In accordance with another aspect of the present invention, the voice address/data memory comprises a trigger, a group, a section and word address pointer memory layers, each of which includes a plurality of memory pages. Each memory page stores a set of address pointers. Each address pointer set stored in each memory page of the trigger address pointer memory layer addresses to part of the memory pages of the group address pointer memory layer. Each address pointer set stored in each memory page of the group address pointer memory layer addresses to part of the memory pages of the section address pointer memory layer. Each address pointer set stored in each memory page of the section address pointer memory layer addresses to part of the memory pages of the word address pointer memory layer.
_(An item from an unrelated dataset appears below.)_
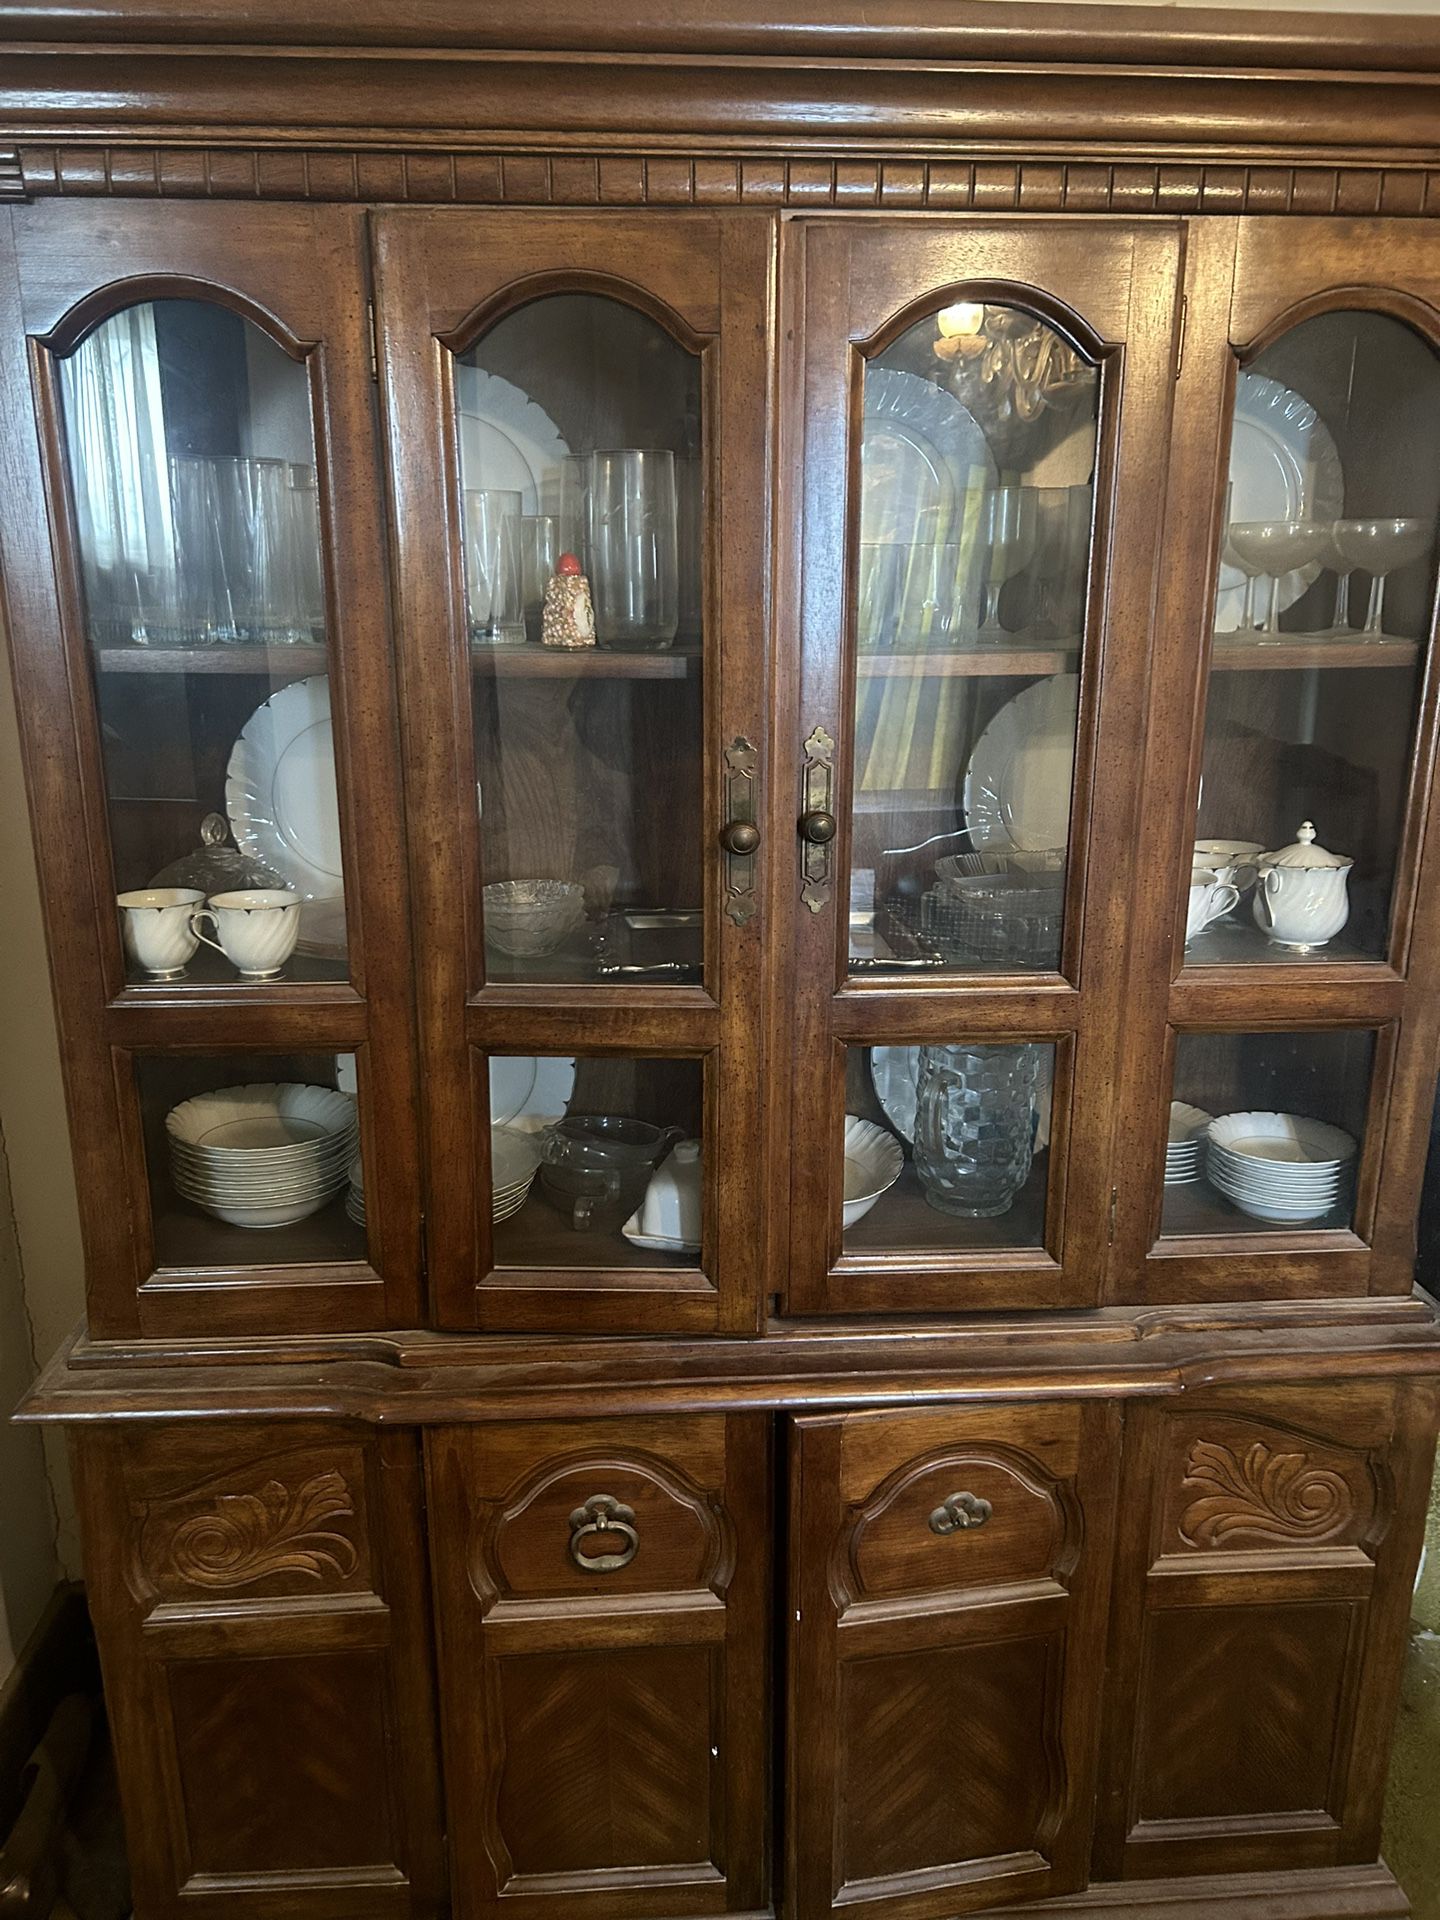 China Cabinet -China Not Included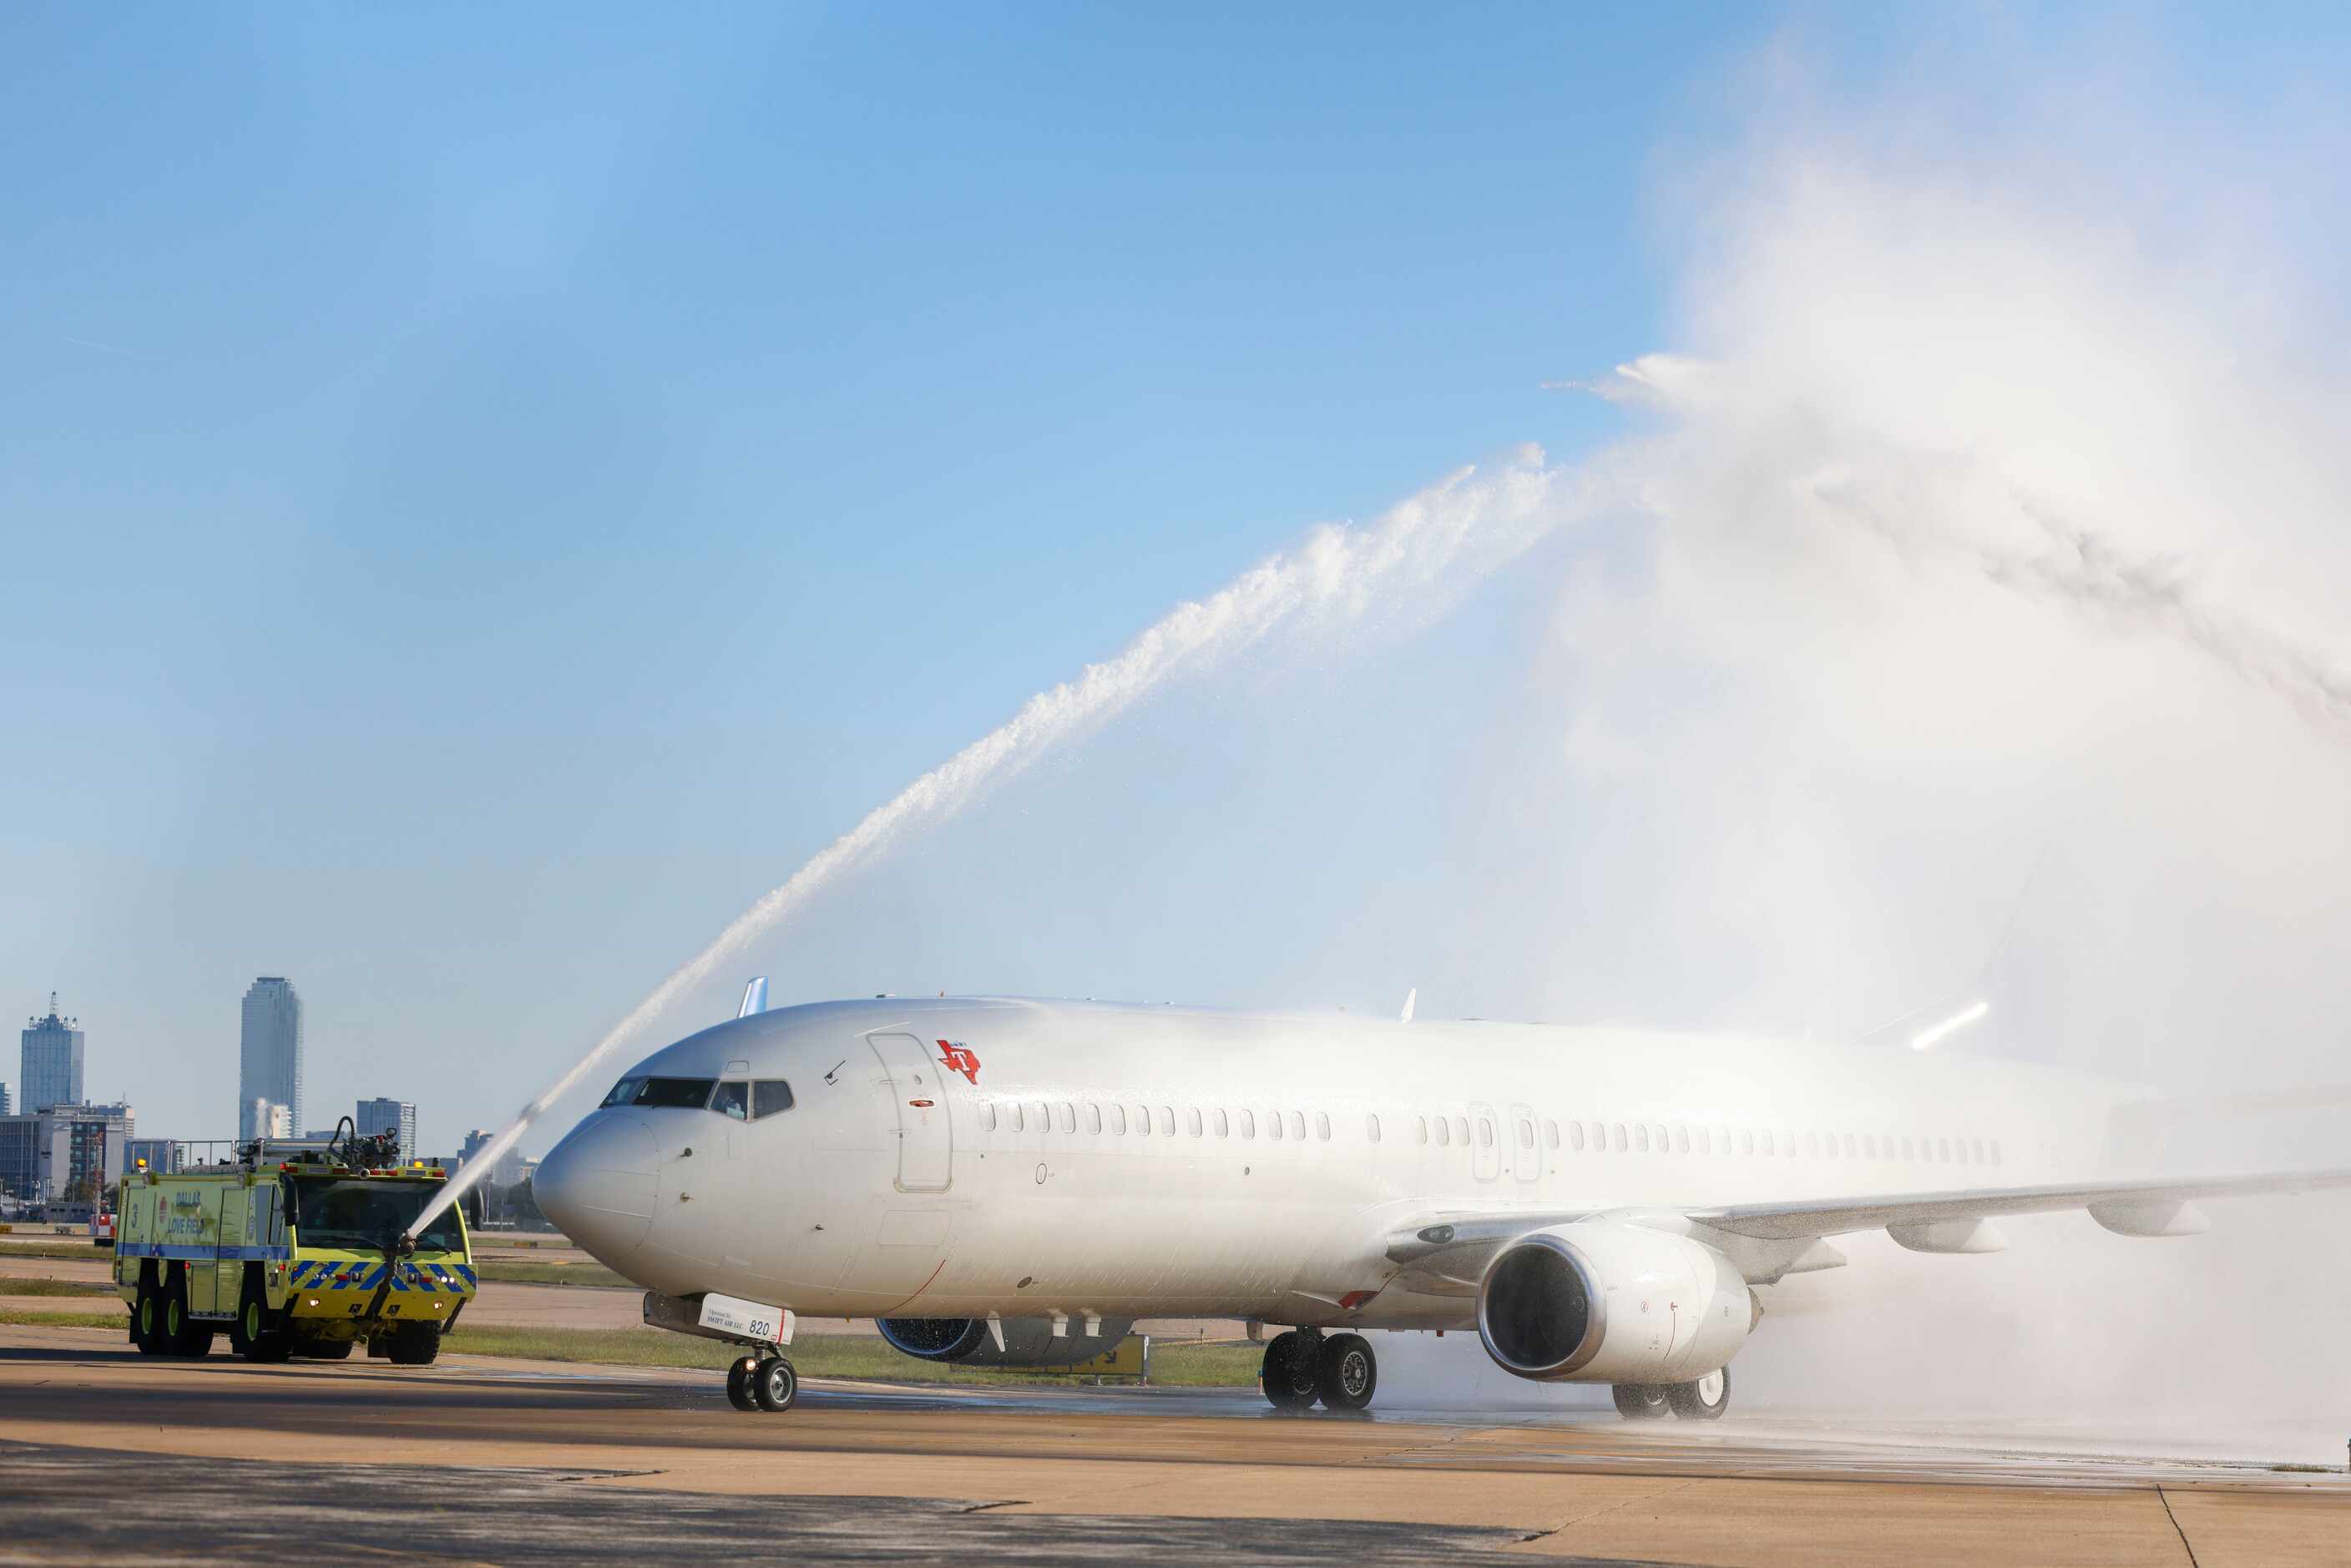 Texas Rangers players arrive at Dallas Love Field as rescue trucks doused water over the...

Each address pointer set stored in each memory page of the word address pointer memory layer addresses to part of the memory tables of the basic memory layer.

In accordance with further aspect of the present invention, each memory page includes a plurality of memory segments, each of which stores an address pointer, and an ending recognition code for indicating whether the addressing to the other memory layer should be ended. The ending recognition code uses one of the binary codes "11111111" and "00000000" to indicate the addressing to the other memory layer should be ended. Each memory segment may further store an attribute for defining the voice parameters of the basic voice data units. Further, the basic memory layer and the trigger, group, section and word address pointer memory layers are arranged within continuous memory regions of the voice address/data memory .

BRIEF DESCRIPTION OF THE DRAWINGS

The present invention can be more fully understood by reference to the following description and accompanying drawings, which form an integral part of this application, wherein:

FIG. 1 is a schematic block diagram of a conventional speech synthesizing system;

FIG. 2 is a schematic block diagram of a voice address/data memory architecture, according to one preferred embodiment of the present invention;

FIG. 3 is a schematic diagram exemplarily illustrating the hierarchical addressing relationship of the voice address/data memory shown in FIG. 2; and

FIG. 4 is a schematic block diagram of a speech synthesizing system using the voice address/data memory of the present invention.

DETAILED DESCRIPTION OF THE PREFERRED EMBODIMENTS

With reference now to FIG. 2, there is shown a voice address/data memory according to one preferred embodiment of the present invention. The voice address/data memory of FIG. 2 includes a basic memory layer 140, for example a table layer, for storing a plurality of basic units of voice data; and four address pointer memory layers, for example a trigger layer 100, a group layer 110, a section layer 120 and a word layer 130, for storing the address pointers capable of being used to address to the desired voice data unit combinations which can be in turn synthesized to generate different speech signals. The address pointer memory layers 100, 110, 120 and 130, and the basic memory layer 140 are arranged in continuous memory regions of the single voice address/data memory in order to efficiently utilize the memory space.

Each memory layer is divided into a plurality of memory pages. For example, the trigger layer 100 is divided into N1 pages, i.e. trigger 1 through trigger N1, as labeled in FIG. 2. The group layer 110 includes N2 pages, i.e. group 1 through group N2. The section layer 120 includes N3 pages, i.e. section 1 through section N3. The word layer 130 includes N4 pages, i.e., word 1 through word N4. The basic memory or table layer 140 includes N5 pages, i.e. table 1 through table N5.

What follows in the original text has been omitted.